Rachel’s Holiday by Marian Keyes
From the back:
Rachel Walsh has a pair of size 8 feet and such a fondness for recreational drugs that her family has forked out the cash for a spell in Cloisters - Dublin's answer to the Betty Ford Clinic. She's only agreed to her incarceration because she's heard that rehab is wall-to-wall jacuzzis, and it's about time she had a holiday.
I’m Sorry You Feel That Way by Rebecca Wait
From the back:
There is the catastrophe that is never spoken of, but which has shaped everything . . .
Sisters, Alice and Hanna must deal with disappointments in work and in love as well as increasingly complicated family tensions, and lives that look dismayingly dissimilar to what they'd intended. They must look for a way to repair their own fractured relationship, and they must finally choose their own approach to their dominant mother: submit or burn the house down. And they must decide at last whether life is really anything more than (as Hanna would have it) a tragedy with a few hilarious moments.
The Marriage Plot by Jeffrey Eugenides
From the back:
Brown University, 1982. Madeleine Hanna, dutiful English student and incurable romantic, is writing her thesis on Jane Austen and George Eliot – authors of the great marriage plots. As Madeleine studies the age-old motivations of the human heart, real life, in the form of two very different men, intervenes. Leonard Bankhead, brilliant scientist and charismatic loner, attracts Madeleine with an intensity that she seems powerless to resist. Meanwhile, her old friend Mitchell Grammaticus, a theology student searching for some kind of truth in life, is certain of at least one thing – that he and Madeleine are destined to be together. But as all three leave college, they will have to figure out how they want their own marriage plot to end.
Sidenote: This list is very white and that is a huge problem. Publishing has a shameful track record of marginalising voices in particular voices of women of colour. And when it comes to women of colour who suffer from mental illness two marginalised identities intersect.

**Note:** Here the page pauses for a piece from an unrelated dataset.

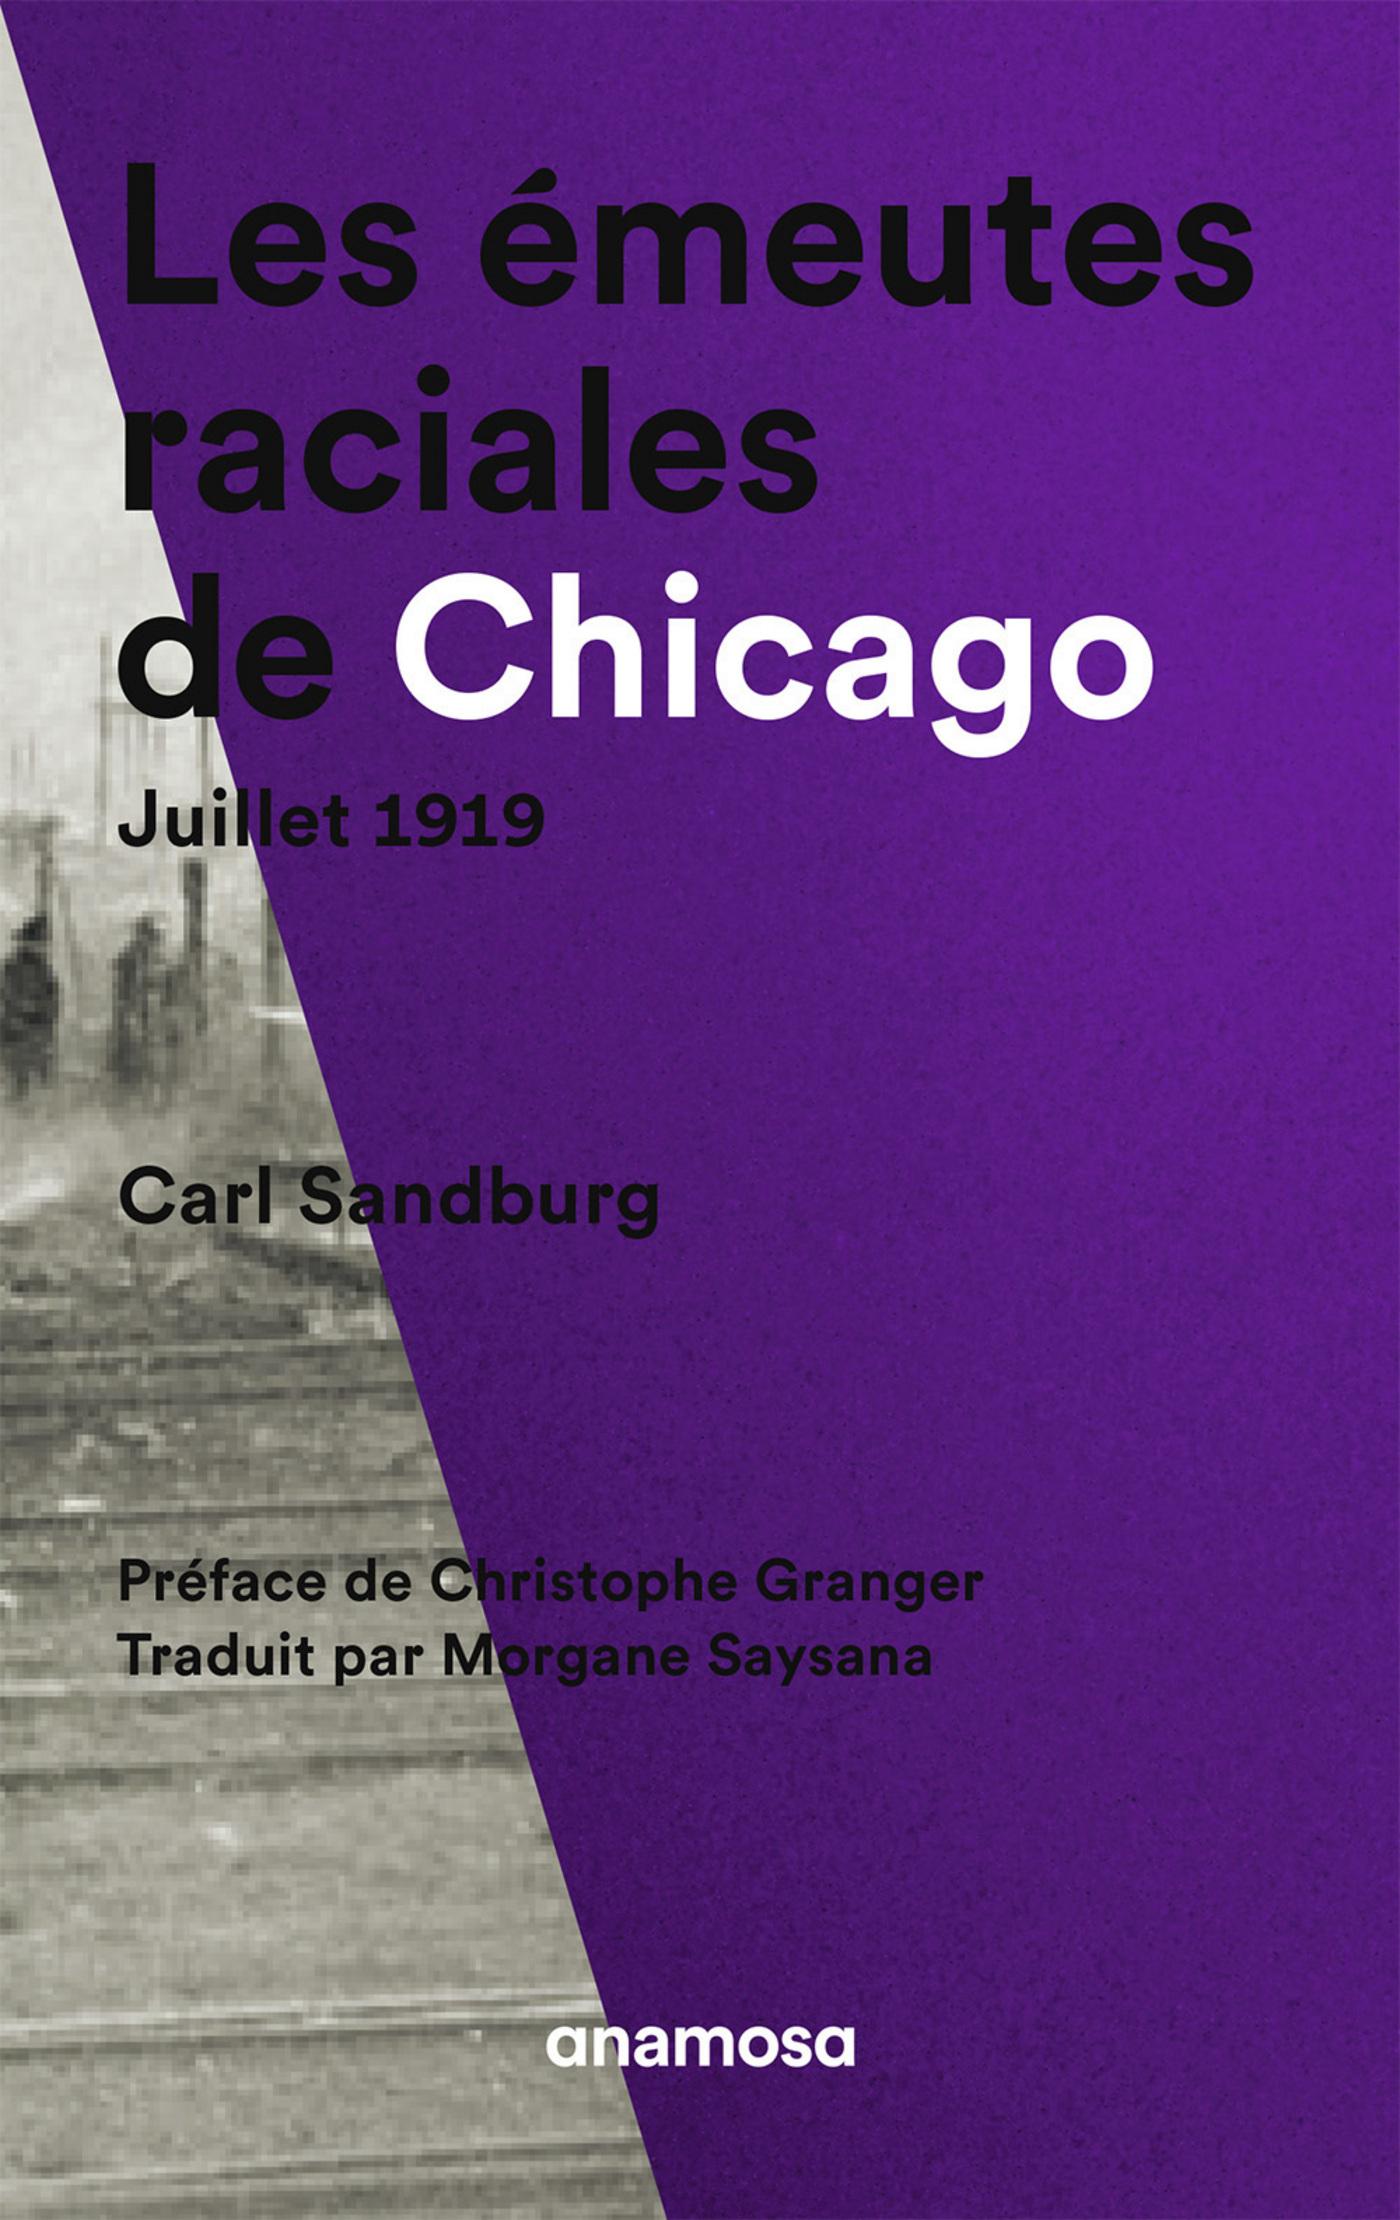 Les émeutes raciales de Chicago - Juillet 1919

Journalist Anni Ferguson wrote an excellent essay for the Guardian in 2016 about the added-layer of stigma women of colour face in receiving treatment for their mental illness, nevermind having a proper platform to unpack their experiences.
I have ordered Meri Nana-Ama Danquah’s Willow Weep For Me, a memoir of the author’s personal struggle with depression. The book was well ahead of its time coming as it did in the late 90s. It details Danquah’s life as severely disadvantaged 22-year-old single mother. Shortly after her daughter’s birth, she began to suffer from a variety of depressive symptoms, which led her to believe that she was losing her mind.
Grace Cho's "Tastes Like War" has a cloud of controversy around it after her family challenged some aspects of her depiction of her mother in the book so, read at your own risk, but it is a book about mental health in a non-white cultural setting. You may find it interesting.